I think I will first replace the 4040 for another one, maybe it's just the one I used that causes the problem. I will let you now shortly, but today the  partsshop is closed and I don't have any spare 4040's.

Second would it maybe be better to use a selectable/tunable high/band/low pass filter.

If you want to turn this circuit into a guitar synth, Yes!
To get rid of the harshness of the harmonics, I think a switchable low pass filter will do.

you can probably get rid of much noise by further gating the chopper signal using a Lock-Detect signal - causing no synth output to happen when the loop is unlocked ...

I'm not sure what I'd prefer: No output or wrong output

The phase pulses outputs of the CD4046 make a dandy lock detector with minimal additional circuitry. Check the RCA app notes.

R.G. I can't seem to find them. Could you please point me to these app notes ?

André

[markusw]

Markus, what is the cut-off frequency of the LPF on your breadboard ?

IIRC, it has a Fc of 30 Hz (2 pole). It was initially intended to be used with bass guitar but it works with guitar too. Nevertheless, for guitar I suppose 60-70 Hz would be better.

Somewhere on the net there is a calculator for 2 pole Butterworth lp filters. Unfortunately , I didn't bookmark it. However, I'm pretty sure you can find one of those calculators easily.

Regards,

Markus

[Paul Perry (Frostwave)]

I notice the TI CD74HC7046A has a lock detector built in already. But I don't know if you can just drop it in this circuit...
And, how's this for synchronicity: yesterday i found a present in my letterbox from a bookdealer friend (he threw it in unasked with a book I was buying)- "The Best of Electronics and Music Maker Projects Volume 1" with the harmony generator

[Eb7+9]

speaking of time-space synchronicity ...

it would be nice to be able to see what the phase-loop's transient nature looks like during acquisition - with a sampling scope perhaps ... the HG sounds surprisingly good already as is but the adaptive scheme used there might be giving the VCO an extra hit because of the second cap involved in the switching - normally adaptive PLL's switch a resistor on the one same cap - thus possibly contributing further to the inter-note glitch factor ... one leg of the loop filter does have a 25mS time constant - in it's low R state - already fairly long relative to audio ... well, that could be a compromised choice for "other" reasons ... sample plots would confirm the lock-in times and tell us whether there's any point trying to speed up acquisition ... regardless, there's always gonna be some glitching between the notes // hence the proposal to gate ...

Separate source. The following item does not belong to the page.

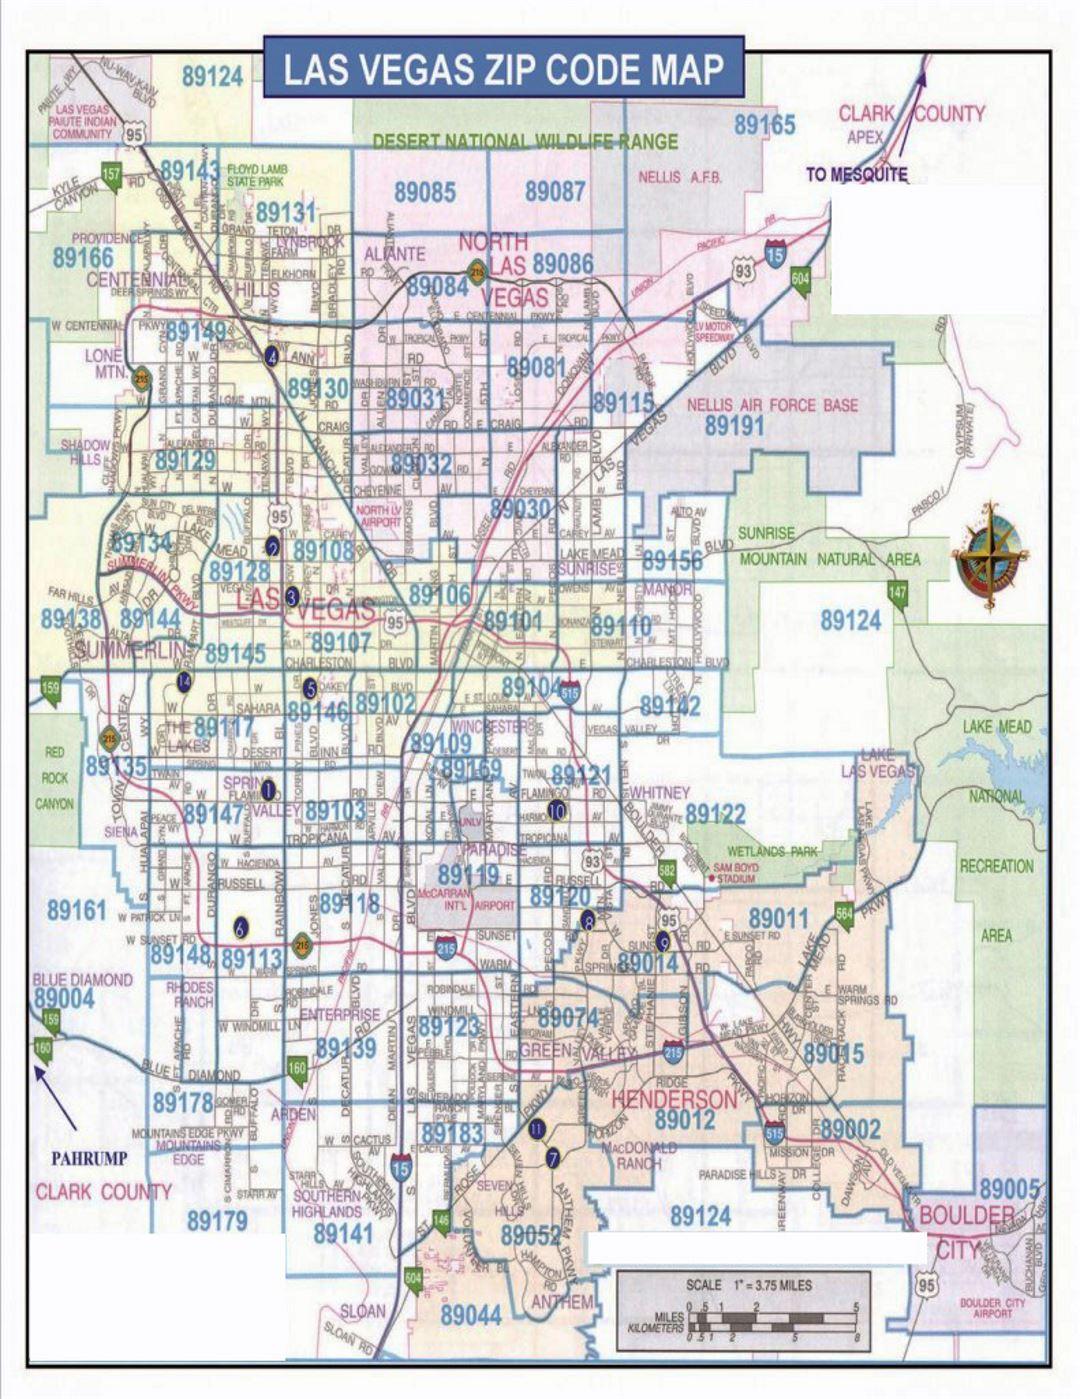 Detailed Las Vegas Zip Code Map Las Vegas Nevada State USA - Us zip code map by state

adaptive PLL schemes have come a long way in the last 15 years - some of those ideas might well be applicable here ... I'm also curious to see where the idling frequency lies, this could affect the lock response of the circuit at one end of the neck ...

[TELEFUNKON]

http://www.electronics-tutorials.com/devices/74hc4046.htm

http://www.nxp.com/acrobat_download/datasheets/74HC_HCT4046A_CNV_2.pdf

btw: anybody remember THIS nice thread?

[markusw]

adaptive PLL schemes have come a long way in the last 15 years - some of those ideas might well be applicable here ...

Thanks for the tip! 
  Would you mind explaning briefly how adaptive PLLs work and what's the advantage of using them? I tried to figure it out for myself by "goggling" but I did'nt really come to a useful conclusion. 

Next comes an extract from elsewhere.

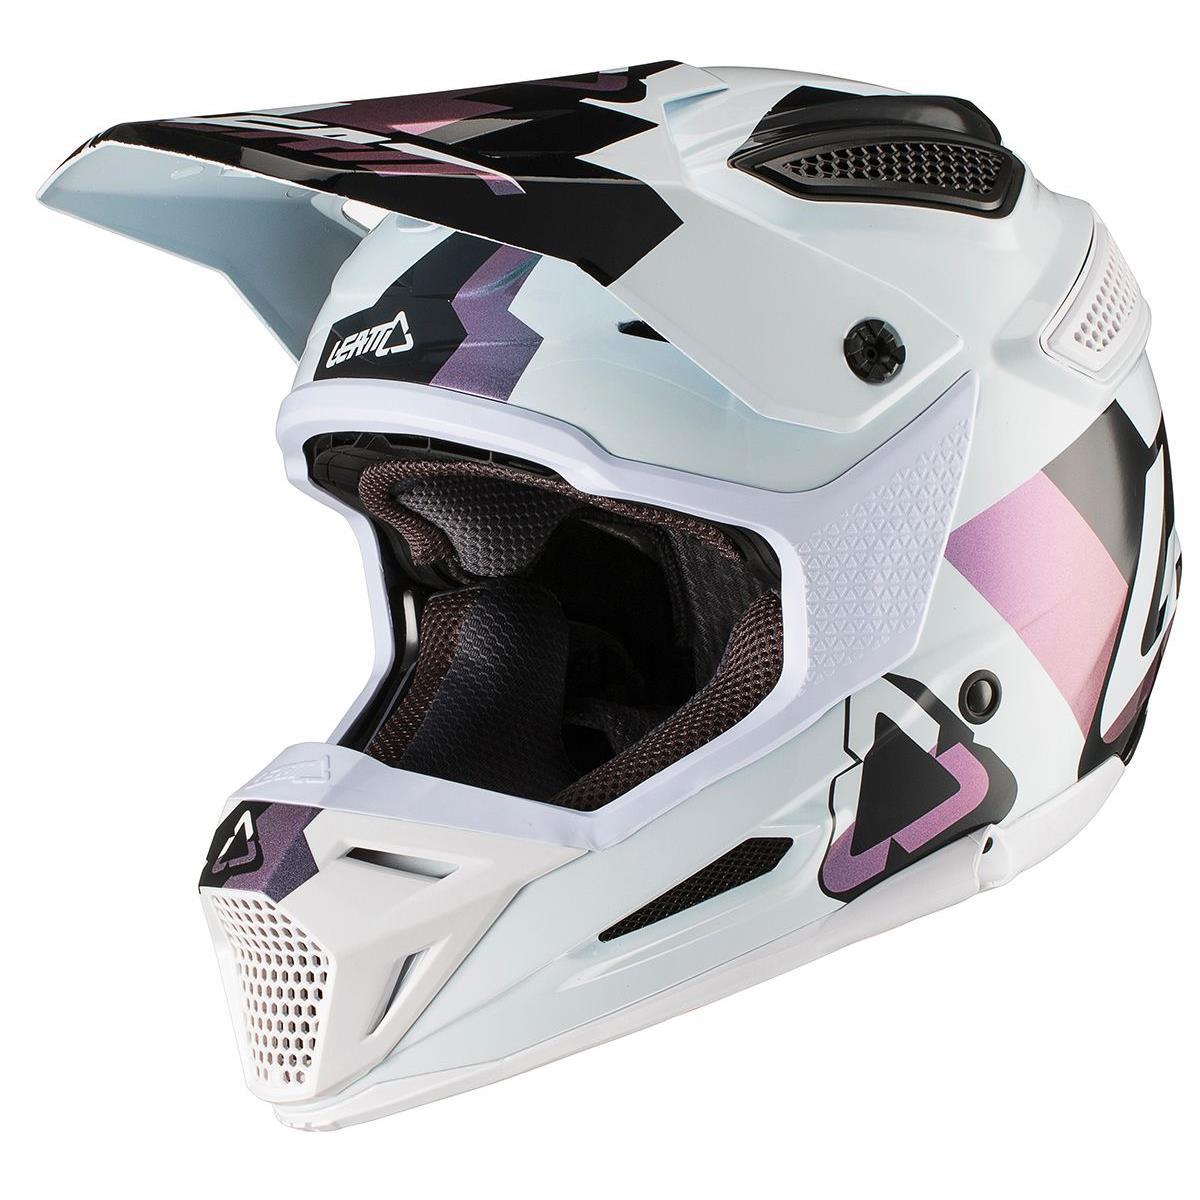 Leatt Helm GPX 5.5 Composite V19.1 Weiß/Schwarz

I notice the TI CD74HC7046A has a lock detector built in already.

Is there a easy way to adapt a CD4046 for a lock detector?

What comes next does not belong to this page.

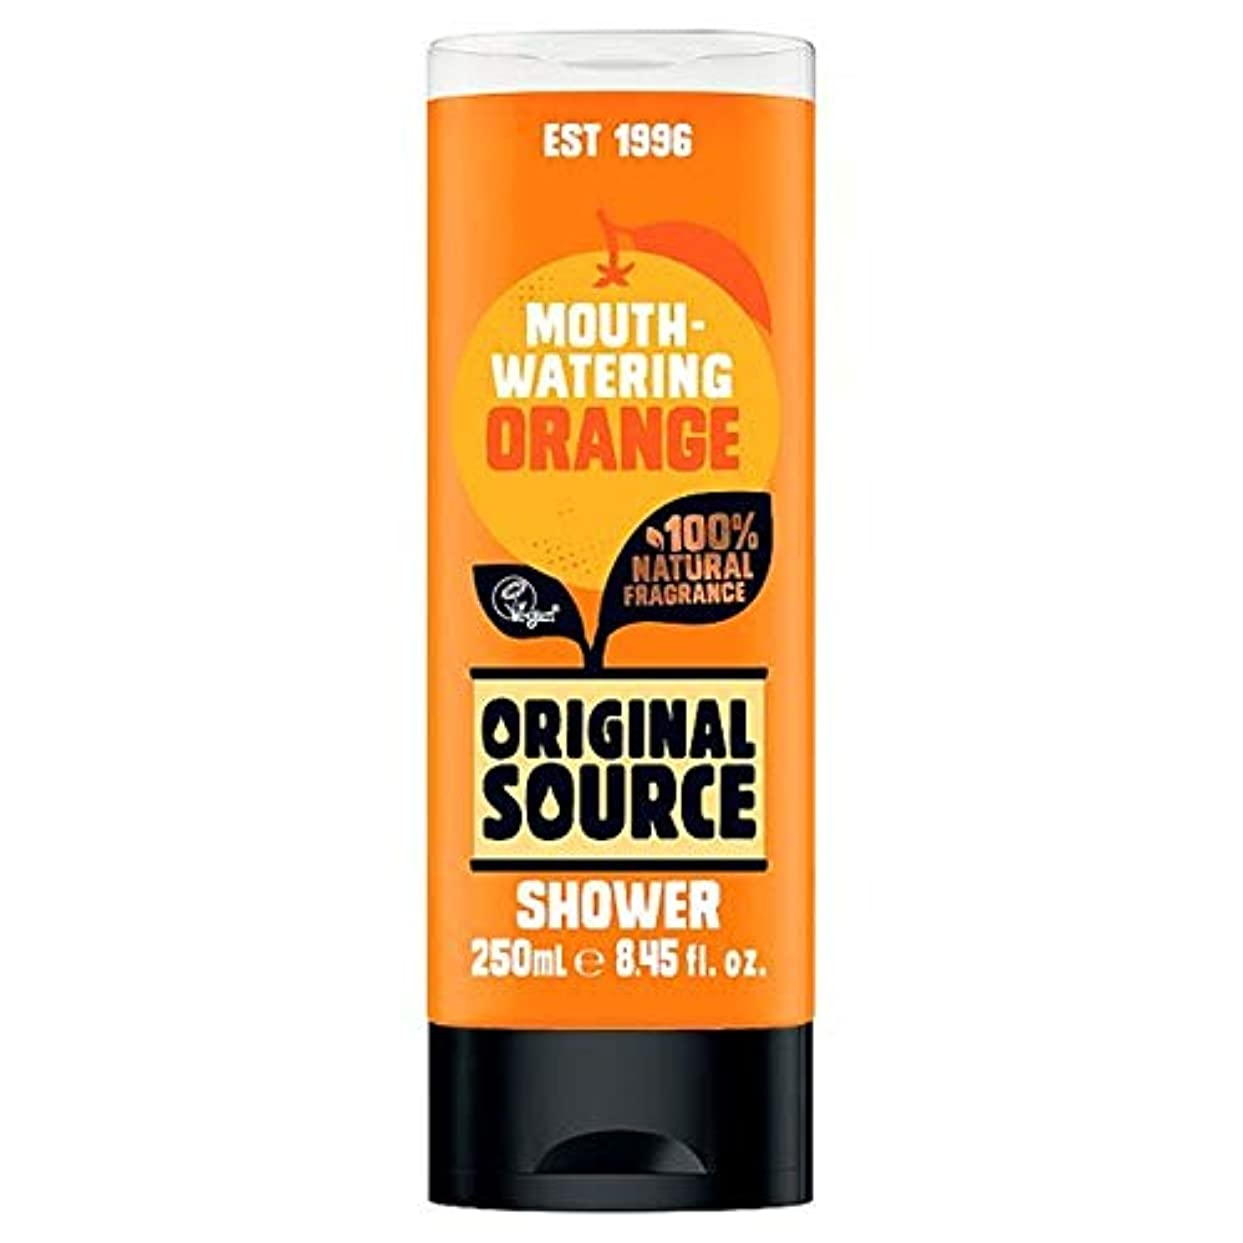 余分なつぶすメイン[Original Source ] 元のソースオレンジシャワージェル250ミリリットル - Original Source Orange Shower Gel 250Ml [並行輸入品]

btw: anybody remember THIS nice thread?

Sure 
I finally came to my personal conclusion that the AN-41 doubler works quite nice for one octave but due to the assymetry introduced by the integrator further doublings result in more or less noise with a touch of octaves.  If you just need it for doubling a constant frequency one could increase the lp filter of the feedback bias which gives a pretty pure octave (50/50 duty cycle) and thus probably could get 2,3 or even more doublings. However, with filter capacity large enough to give a pure ovtave the circuit becomes much too slow for use with guitar.
At the moment I'm pretty sure that a 4046 can give a reasonable performance even with minimal signal preprocessing (a 6-12db lp filter plus sufficient gain alreay gives satisfying results on breadboard). I believe that tweaking of the PLL's frequency range (just largen enough to cover the guitar range)  contributes to a faster/less noticeable lock in.

[Eb7+9]

you'll find that PLL's are typically used for a few basic purposes: to lock onto semi-stable clock or data streams and filter out the noise jitter (random deviations from the ideal edge location) for the purpose of producing a stable clock signal, tracking signals of intentional varying frequency and demoding the variation ... or as in our wide-range tracking situation which is not as common ... most papers don't have our exact app in mind but we can apply some of the methodology nonetheless, the numbers change that's all ...

a little background ... two variables are of chief importance, (i) the lock range, how far the frequency can deviate from a stable locked state before the loop looses lock, and (ii) the capture range, how far from the (Out-of-Lock) idling frequency a signal frequency can be locked to. there's a compromise between the two, for a given loop filter response we have a set of given lock and capture range figures that benefits one at the detriment of the other.  this also points to the importance of setting the idling frequency right - in the middle of the range I assume ...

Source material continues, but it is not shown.